Co-stimulatory and co-inhibitory receptors expressed on the surface of T cells. Bold indicates therapies that have successfully targeted these receptors in mouse models of ovarian cancer.

The most thoroughly studied immune checkpoint receptor is programmed cell death protein 1 (PD-1). After binding to one of its ligands, programmed cell death ligand-1 or 2 (PD-L1 or PD-L2), the PD-1 receptor suppresses T cell responses in peripheral tissues at the site of infection or other immune stimulus. This can cause a significantly blunted anti-tumor effect, and expression of PD-L1 or PD-L2 on the surface of tumor cells and tumor-associated macrophages is therefore a major mechanism of immune evasion (Gottlieb et al., 2017). PD-1 is also highly expressed on Tregs, and activation of this checkpoint receptor on Tregs increases their suppressive activity.

CTLA4 is another immune checkpoint receptor that is exclusively found on T cells, where it directly competes with the co-stimulatory receptor CD28 to downregulate the early phases of T cell activation. The ligands for CTLA4 and CD28 are the same, CD80 and CD86, but the affinity of CTLA4 for these ligands is much higher than that of CD28. Binding of CTLA4 to one of its ligands delivers inhibitory signals to the T cell, while simultaneously preventing CD80 and CD86 from binding to CD28. CD80 and CD86 are subsequently removed from the surface of the antigen-presenting cell to prevent the possibility of further engagement of CD28 (Pardoll, 2012). Additional actions of CTLA4 include reduced function of helper T cell activity and upregulation of Treg-mediated immunosuppression.

Ovarian cancer poses unique challenges to the immune system, due to its intraperitoneal dissemination and predictable omental involvement. Adipocytes in the omentum secrete growth factors and other bioactive molecules that facilitate tumor cell proliferation and viability (Wagner and Dudley, 2013). Tissue resident macrophages promote regulatory T cell (Treg) expansion, which suppresses the activity of effector T cells (McCaw et al., 2019). Abundant myeloid derived suppressor cells (MDSCs) further inhibit the ability of effector T cells to eradicate their targets. Collectively, these suppressive cells create a tolerogenic environment that is difficult to overcome (Meza-Perez and Randall, 2017).

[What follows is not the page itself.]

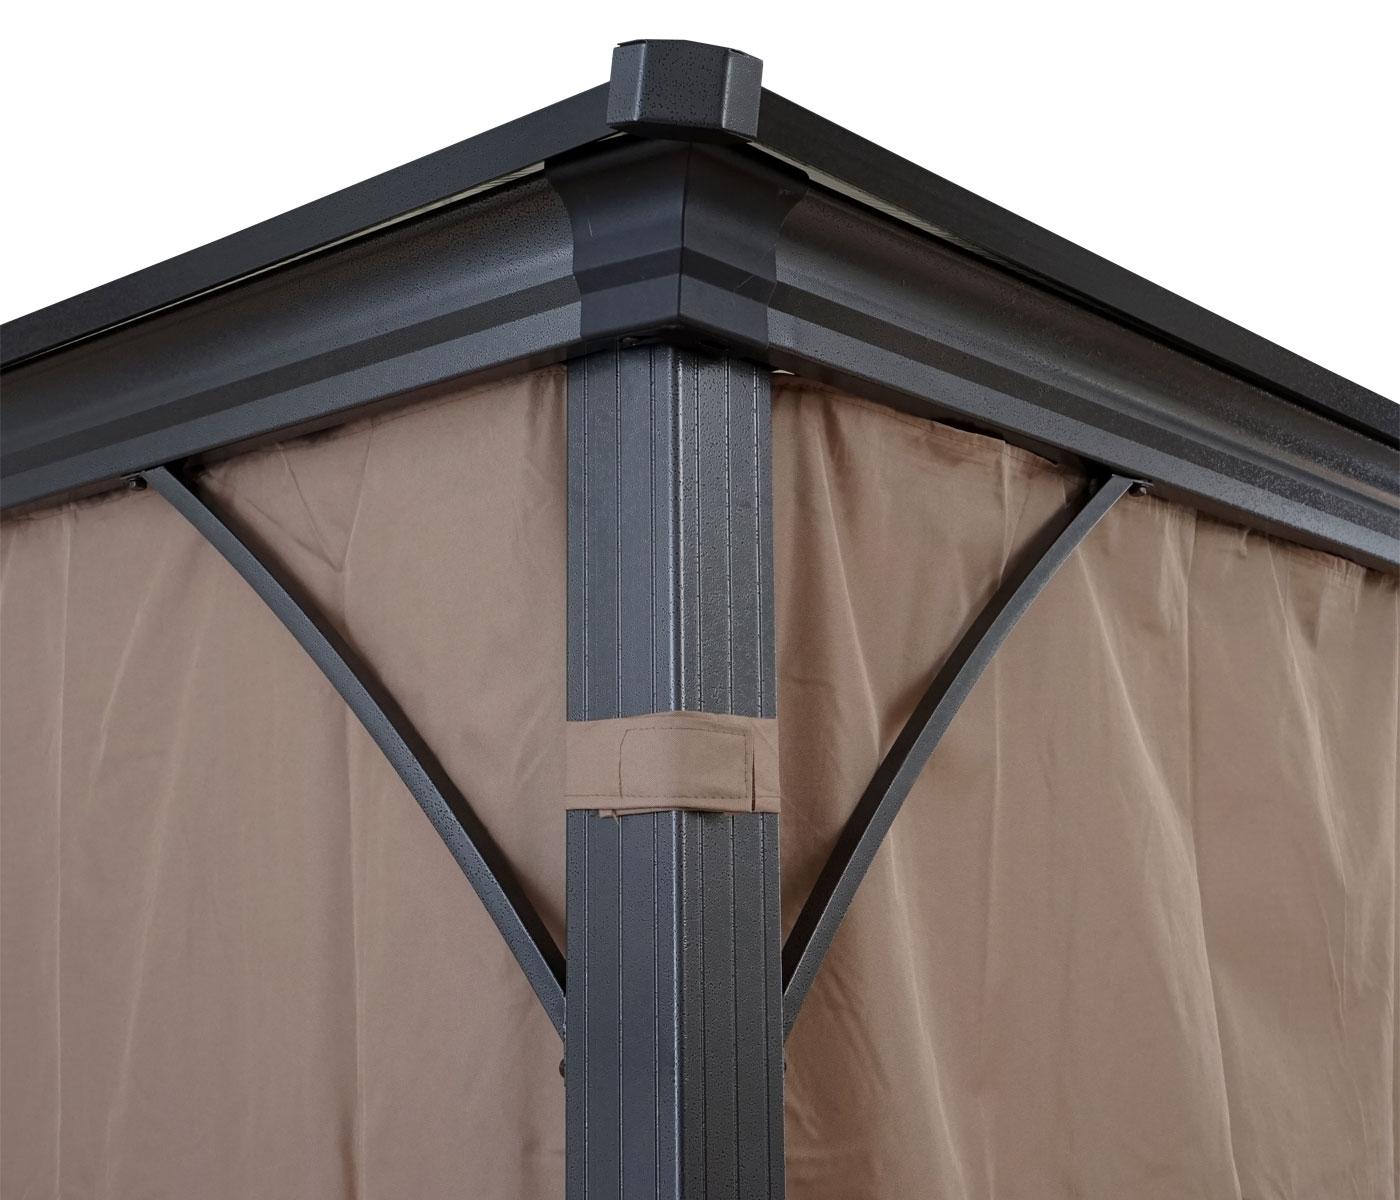 Hardtop Pergola Mcw C74 Garten Pavillon Kunststoff Dach Seitenwand
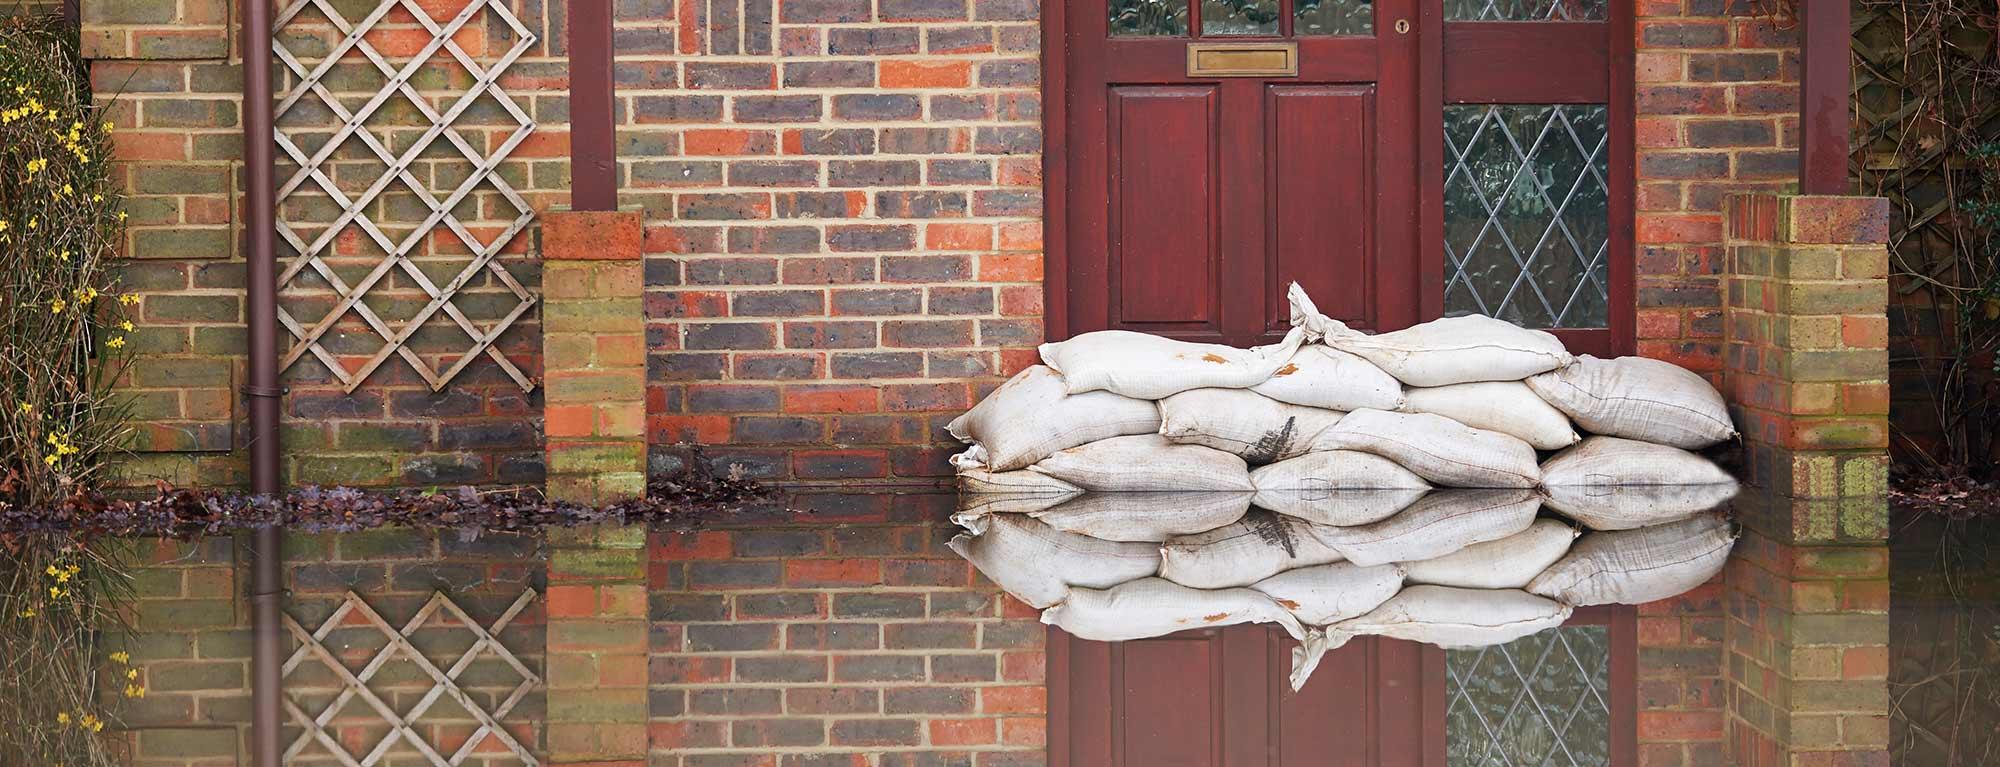 Insurance Market, Flooding devastation

Despite the multitude of ways that ovarian cancer can evade the immune system, a robust immune response is particularly important in ovarian cancer recurrence and survival. Several studies have shown that the presence of tumor infiltrating lymphocytes (TILs) is associated with platinum sensitivity, longer progression free survival, and longer overall survival (Zhang et al., 2003; Mariya et al., 2014). Conversely, tumor infiltration by immunosuppressive Tregs portends a poor prognosis for patients with this disease (Curiel et al., 2004; Sato et al., 2005). T cells clearly play a critical role as mediators of tumor regression versus progression and therapies to alter their presence and activity are urgently needed to treat ovarian cancer going forward.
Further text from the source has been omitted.